Gettler’s claim that individual segments should not be judged indvidually but as part of a continuum is not only illogical from a viewer’s point of view — needless to say some viewers may only see the biased segment — but journalistically indefensible. Journalistic standards don’t call for fairness and accuracy some of the time, but in all coverage. In addition, Gettler’s assertion actually contradicts the language of the Federal statute under which the Corporation for Public Broadcasting dispenses tax dollars to PBS. The statute calls for “strict adherence to objectivity and balance in all programs or series of programs of a controversial nature”(emphasis added). 
 
Gettler also missed the key point of one part of the critique that noted factual errors made about the Erez crossing and Israel’s alleged “complete commercial stranglehold” over Gaza that ignores its entire border with Egypt. As noted above, it is false and distorts the picture of what’s happening in the area to misrepresent Gaza’s access to goods from crossing points with Israel as well as Egypt. The inflammatory “stranglehold” language directed at Israel is, again, false.
 
Gettler urged there be additional coverage of issues related to Gaza:

Perhaps viewers need to be reminded that Israel pulled its troops and settlers out of Gaza in 2005. That Gaza City, though cut-off from the West Bank, is the largest Palestinian city, with some 450
,000 people. That militant organizations other than Hamas fire rockets from Gaza into Israel. That those rockets are seen by many Palestinians as resistance to Israeli occupation of the West Bank. Do most Gaza residents really agree with those rocket attacks since they are certain to bring Israeli counter-attacks that often leave them and their homeland ever more devastated? What is the actual role of other Arab nations in helping, if that’s what they do, Gaza residents cope? What is the current extent and real impact of the Israeli blockade? There are many more questions.

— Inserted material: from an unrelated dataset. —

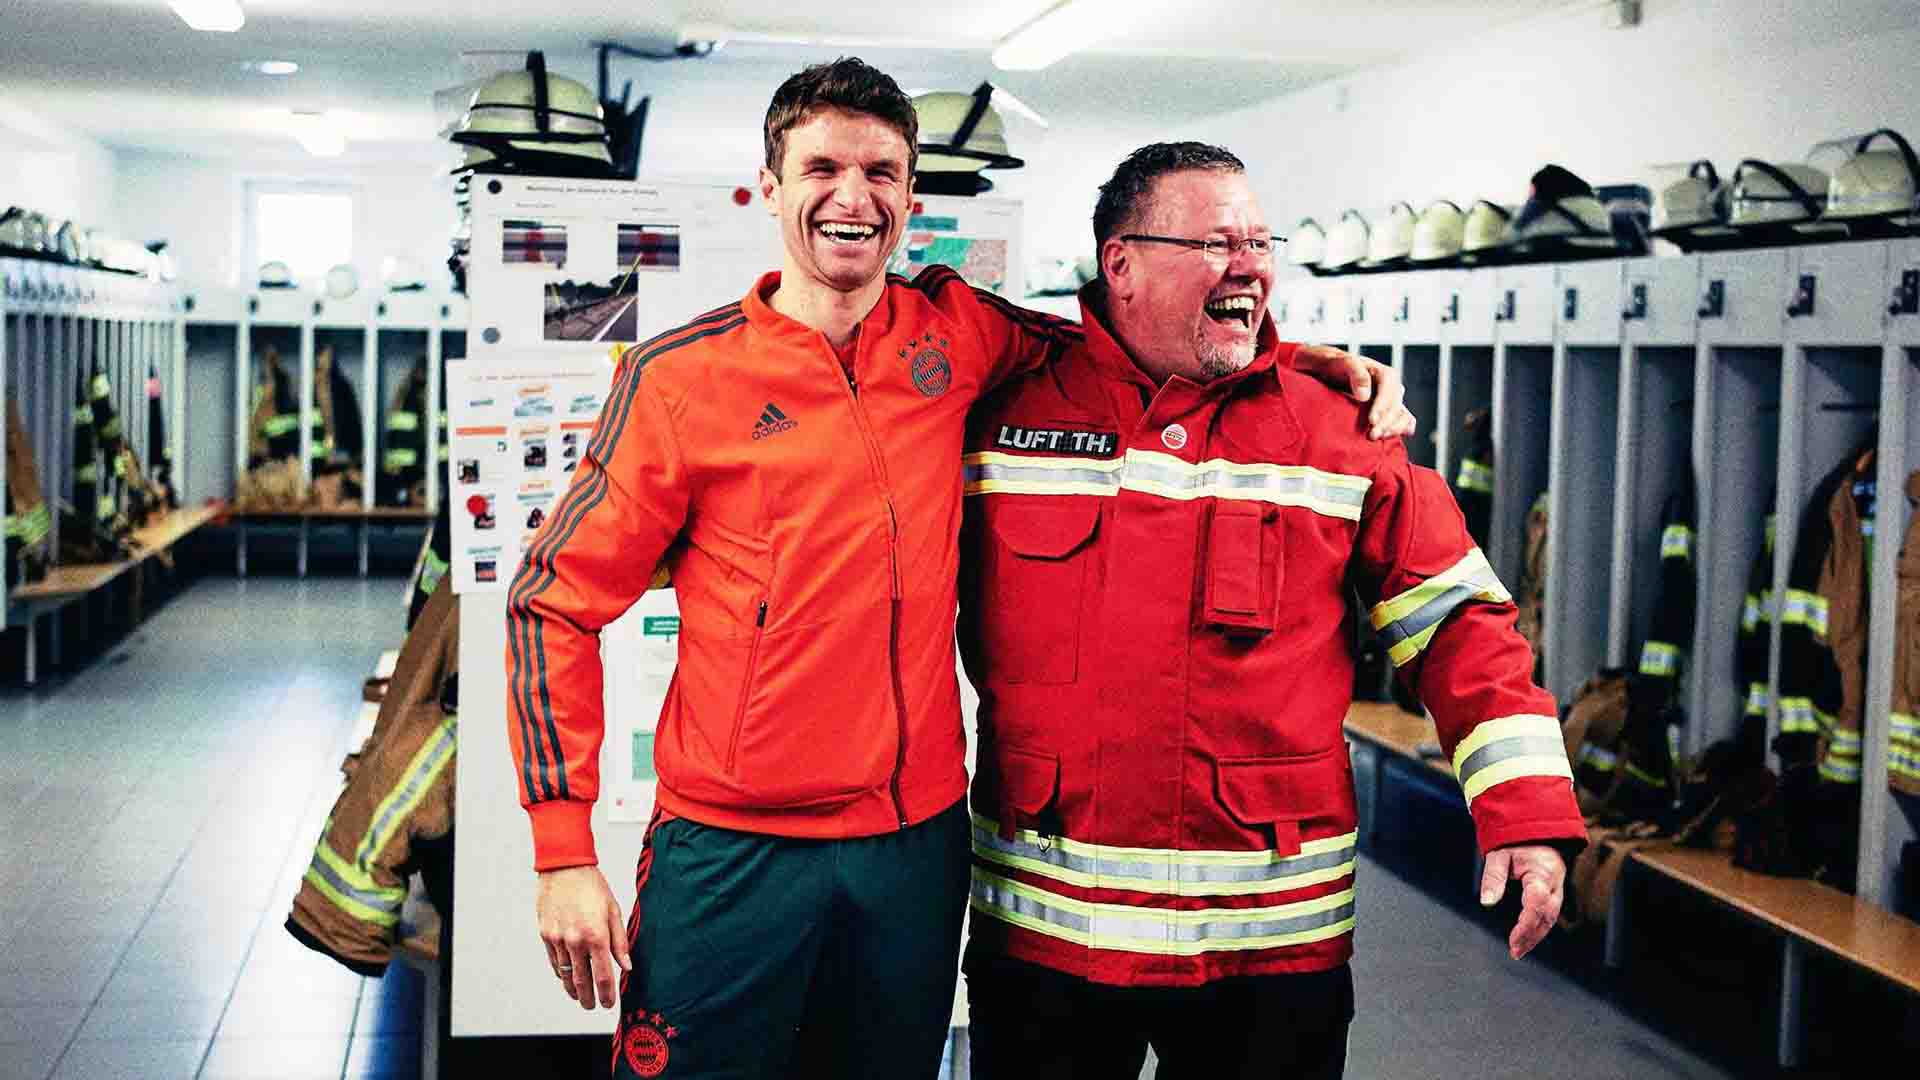 Das Bild zeigt Fußballstar Thomas Müller des FC Bayern Münchens und einen Feuerwehrmann. Beide Männer halten sich an den Schultern und lachen. Sie stehen in einer Umkleidekabine. Das Bild dient als Sliderbild für den Portfolioeintrag "Audi | FC Bayern München Ehrenrunde" von Panda Pictures.

Unfortunately, the Ombudsman neglected perhaps the most significant untold story — one PBS should devote extensive attention to — the ongoing hate-indoctrination targeting Jews and Israel that assures new generations of Gazans opposed to recognizing the legitimate rights of the Jewish people to a sovereign presence in Israel. PBS viewers would far better appreciate why Hamas’ fires rockets into Israel seeking to kill innocent people if the network covered the genocidal rhetoric purveyed by Hamas in its mosques, media, summer camps and political rallies.
 
The Ombudsman also included the formal response of PBS’s Foreign and Defense Editor to CAMERA:

In its November 22 report on reactions to the ceasefire between Israel and Hamas, we sought to provide perspective from both sides, based on the material available to us. We do take CAMERA’s point, that on the particular broadcast in question (November 22), the report from Gaza contained video footage shot on location, while the report from Tel Aviv was primarily an interview with a reporter on the scene. (That report opened with images of people injured in a Tel Aviv bus bombing and also discussed how civilians in southern Israel have faced rocket attacks for years.) The NewsHour produced coverage of the conflict every day last week and on other occasions included many images of destruction in Israel and interviews with its citizens. The program’s producers make daily decisions about the best available means to inform viewers about developments in a continuing story and, over time, consciously try to make sure our coverage of this and all other stories is accurate and impartial.

Justin Kenny, Foreign & Defense Editor

In addition, PBS has published an Editor’s Note on its Web site correcting the error falsely alleging there is only one crossing to Gaza.